To prevent “point farming” (where models generate valid but nonsensical math to inflate scores), the algorithm enforces strict efficiency constraints.

The Complexity Tax (Quadratic): If an expression exceeds 15 terms/operators, a quadratic penalty kicks in (Penalty = Excess^2).

Effect: A solution with 20 terms receives a manageable -25 penalty. A solution with 30 terms receives a crushing -225 penalty. This forces conciseness.
The Diminishing Returns (Nesting & Frequency):
- Nesting Limit: Bonuses are stripped if an operator is nested more than 2 layers deep (e.g., sopfr(sopfr(sopfr(...))) yields 0 points).
- Frequency Limit: Bonuses are stripped if a specific operator is used more than 3 times.
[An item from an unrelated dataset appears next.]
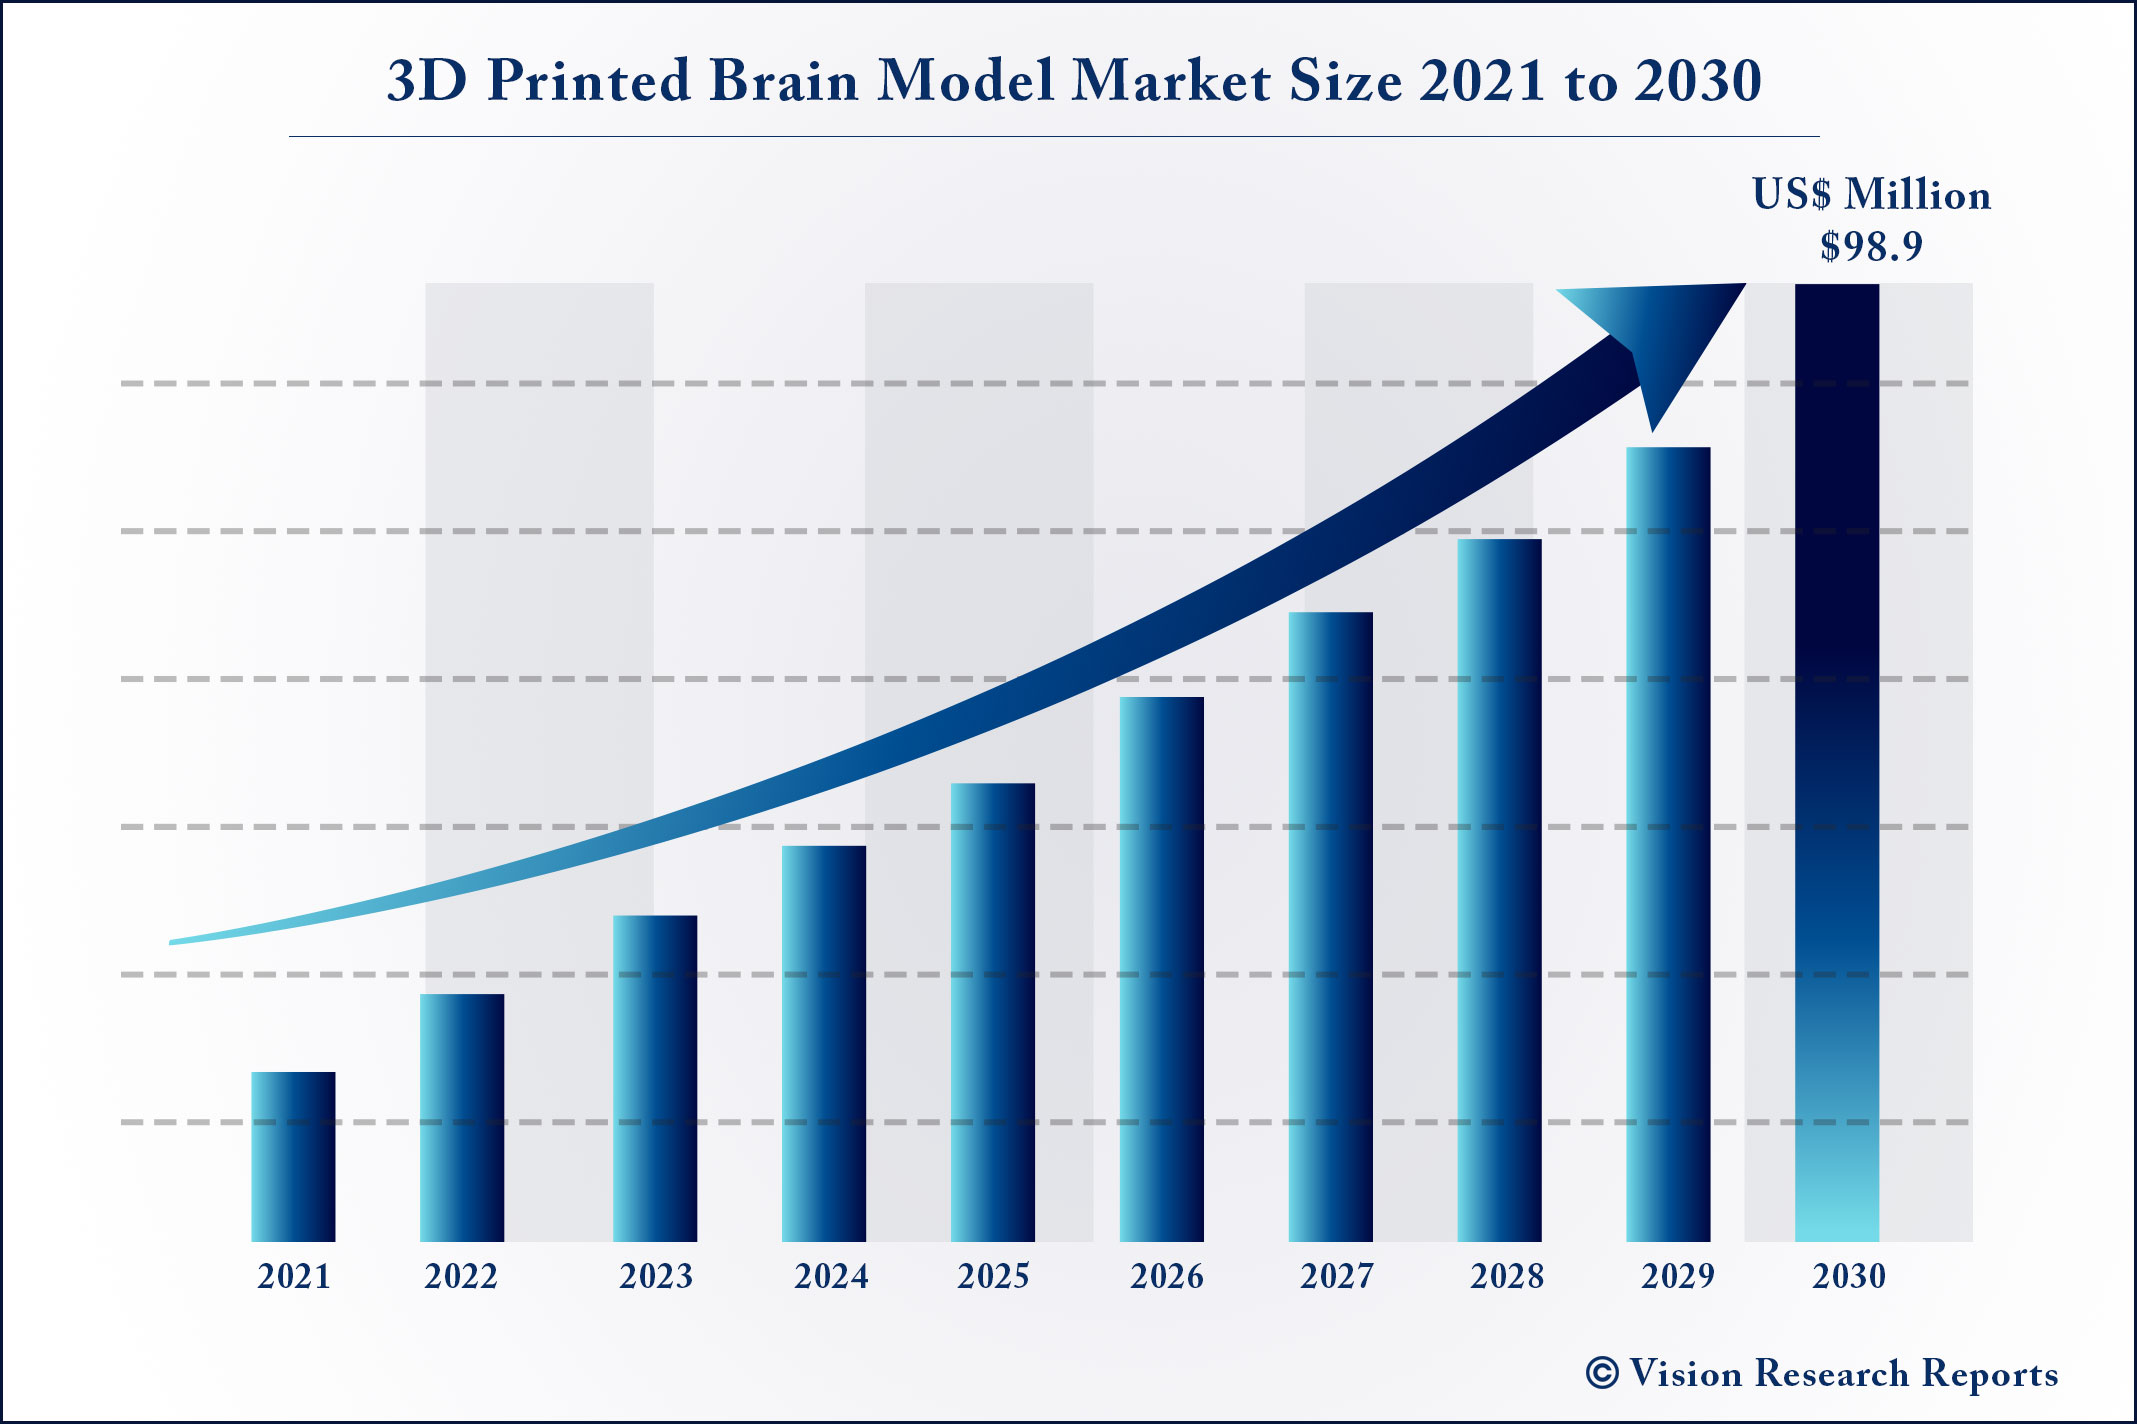 3D Printed Brain Model Market Size 2021 to 2030

This prevents “spamming” the highest-value operator.
The “Digit Spam” Penalty (Exponential): Using extra digits (padding) is allowed but costly. If a model uses more than 3 extra digits beyond the target’s digits, the penalty scales exponentially (10 \times 2^{extra}).

3. The Anti-Cheat (Triviality Check)

The most sophisticated part of the engine is the Simplification Layer. Before scoring, the engine symbolically simplifies the user’s expression to check for “mathematical padding.”

Null Operations: Expressions like + 0, * 1, mod 1, or x/x are detected.
Identity Traps: Operations that don’t change the value (e.g., sopfr(Prime) or 1!) are flagged as redundant.
The Verdict: If the simplified version of the expression yields a significantly lower score than the raw version, the difference is deducted as a “Triviality Penalty.” In severe cases (e.g., 7 * (1/1)), the score is zeroed out entirely.